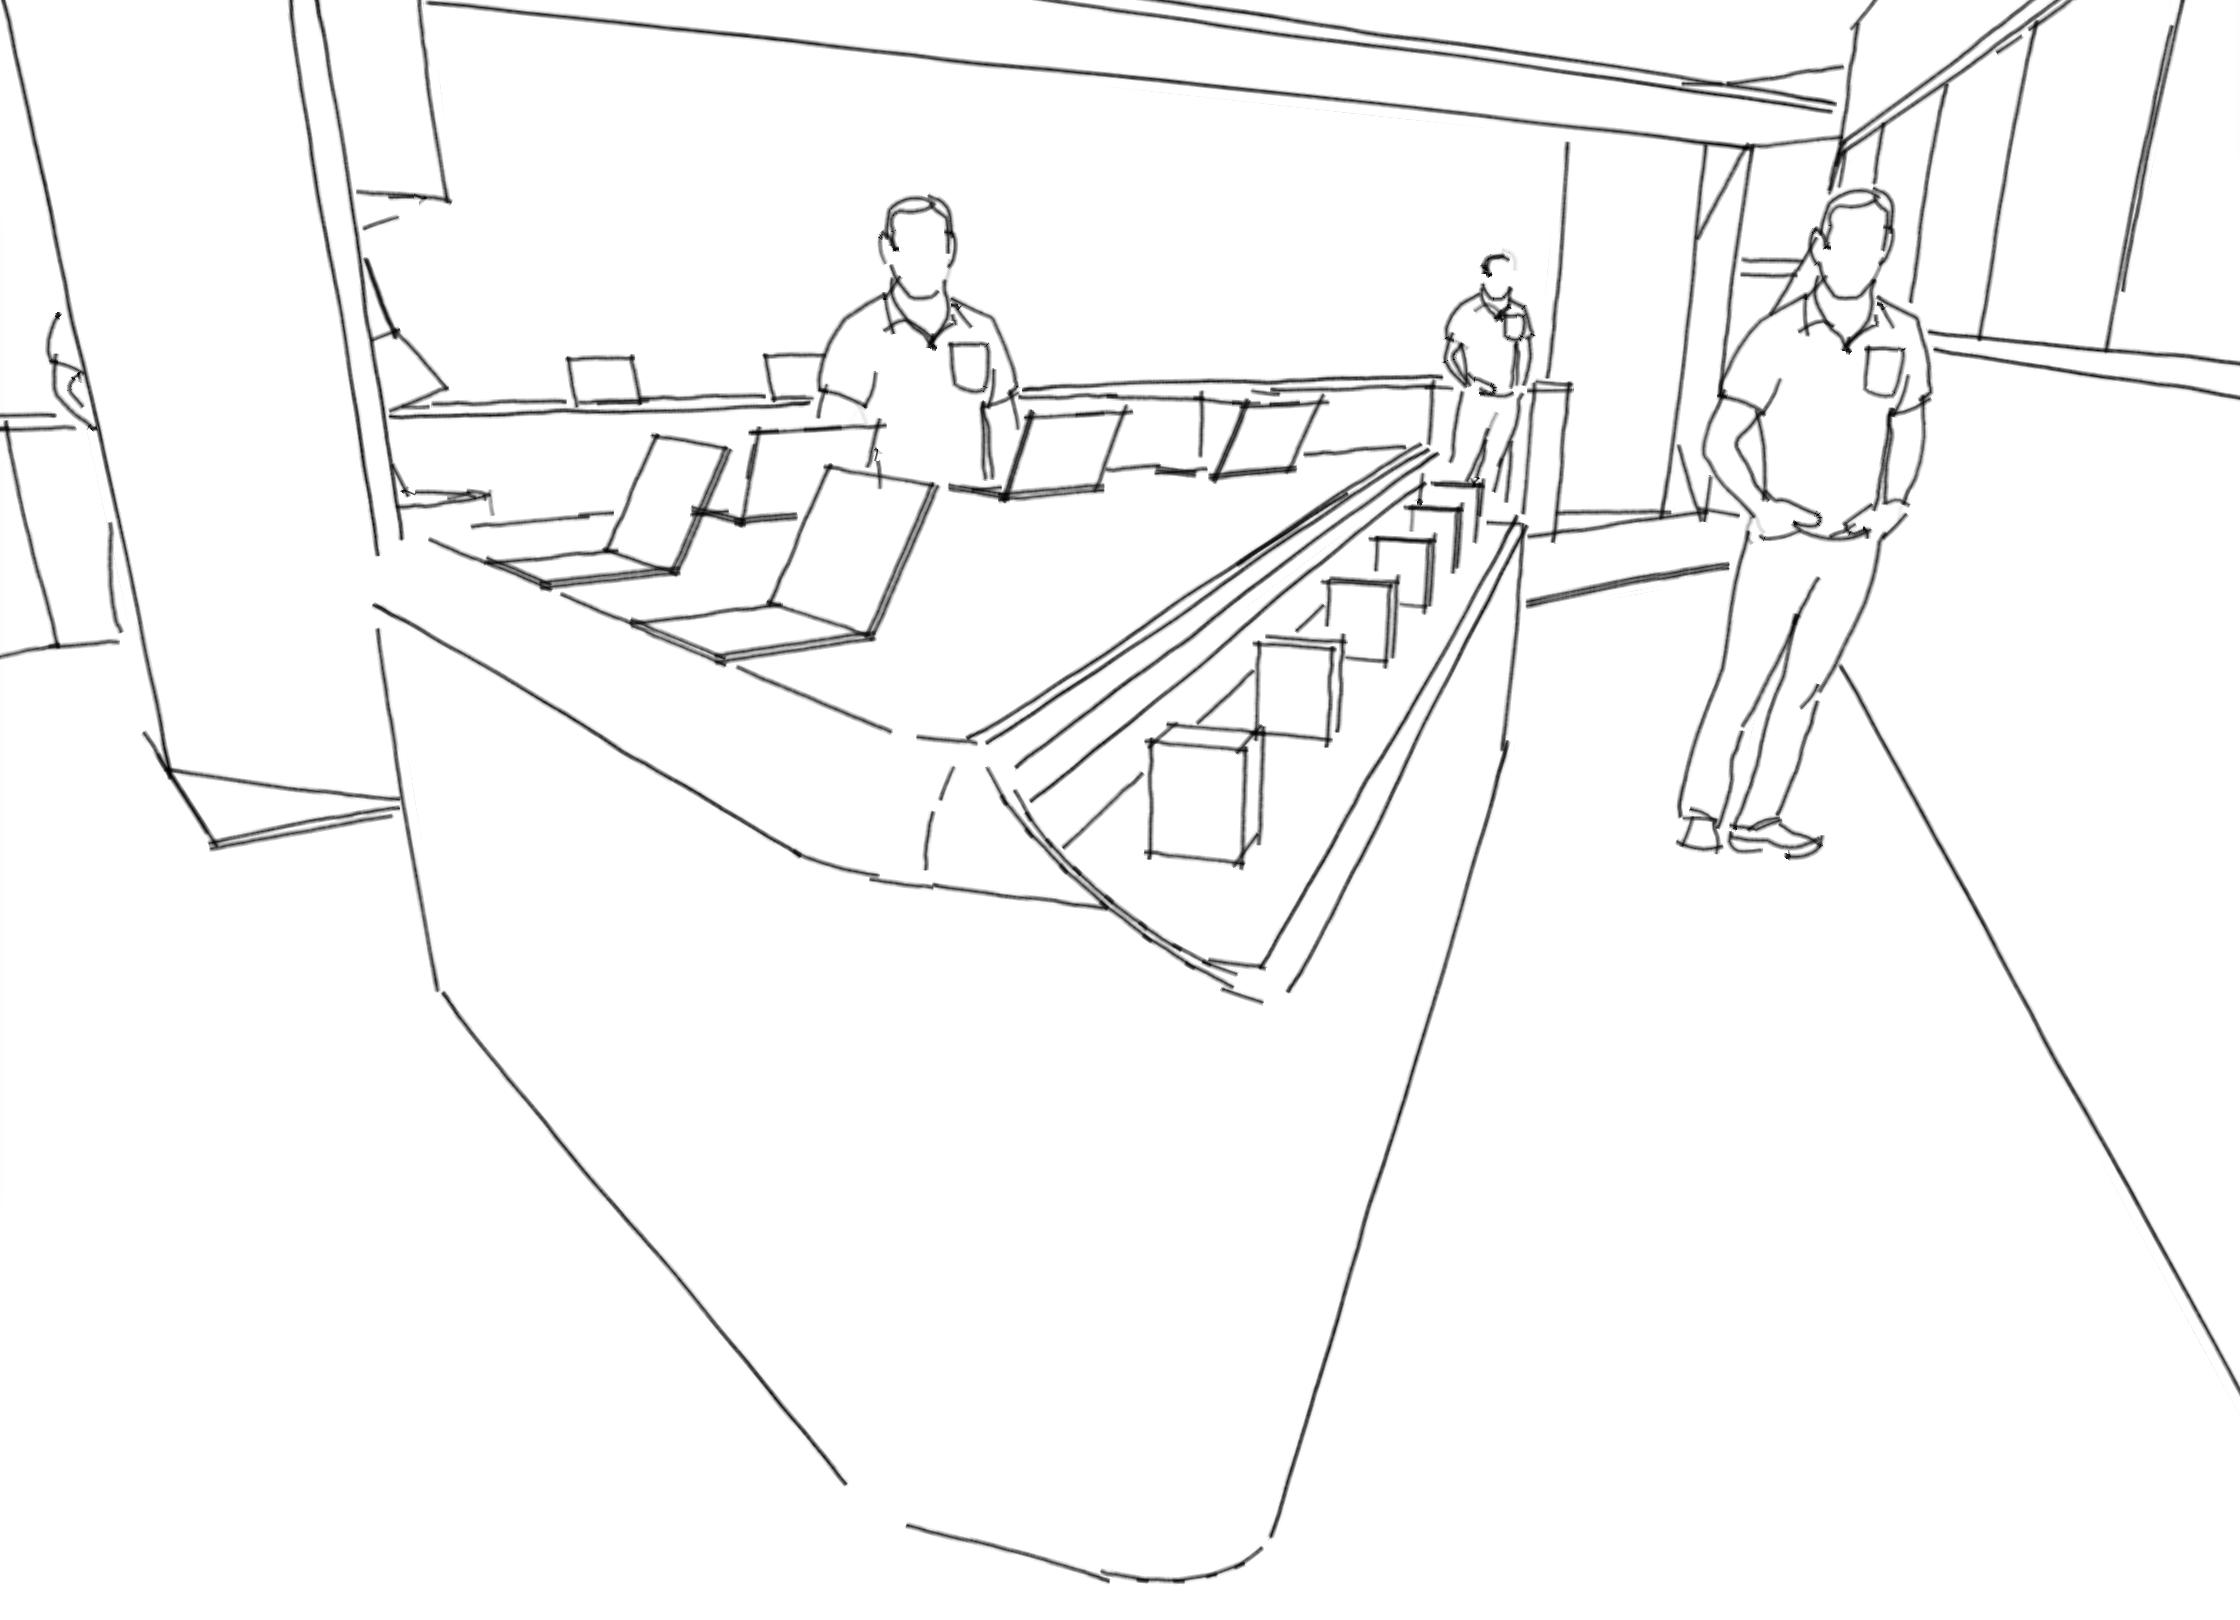 5. exploration bar
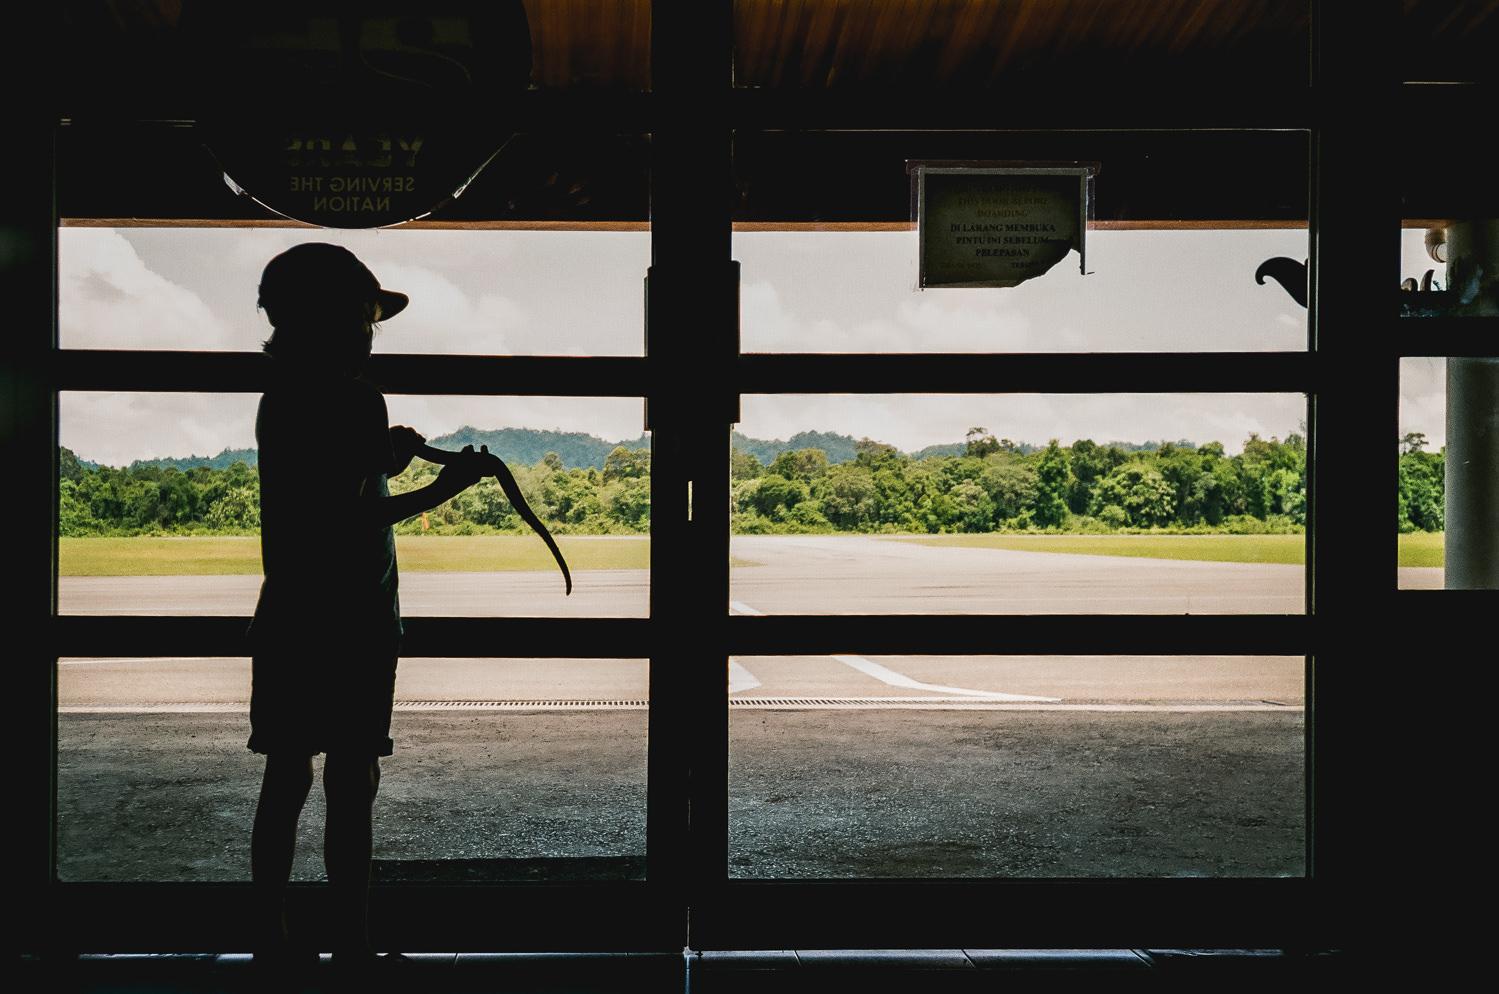 boy at mulu airport
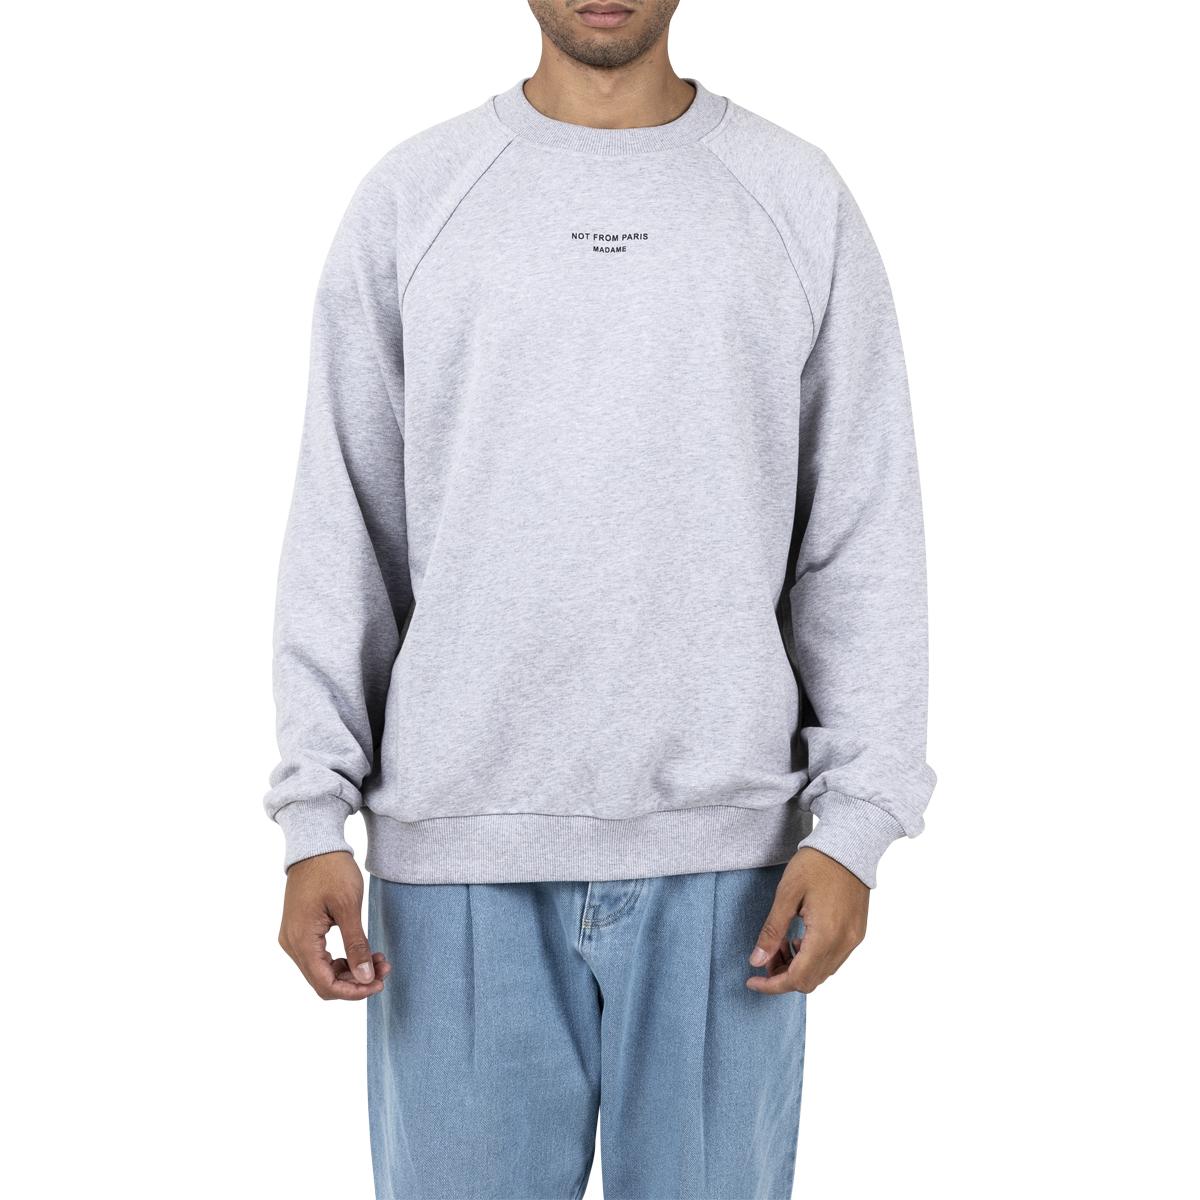 Drôle De Monsieur Raglan NFPM Sweatshirt

• **Exercise requirements**
Please copy the data above character for character, skipping any pictures.

• **Result for this task**
 5. exploration bar
 boy at mulu airport
 Drôle De Monsieur Raglan NFPM Sweatshirt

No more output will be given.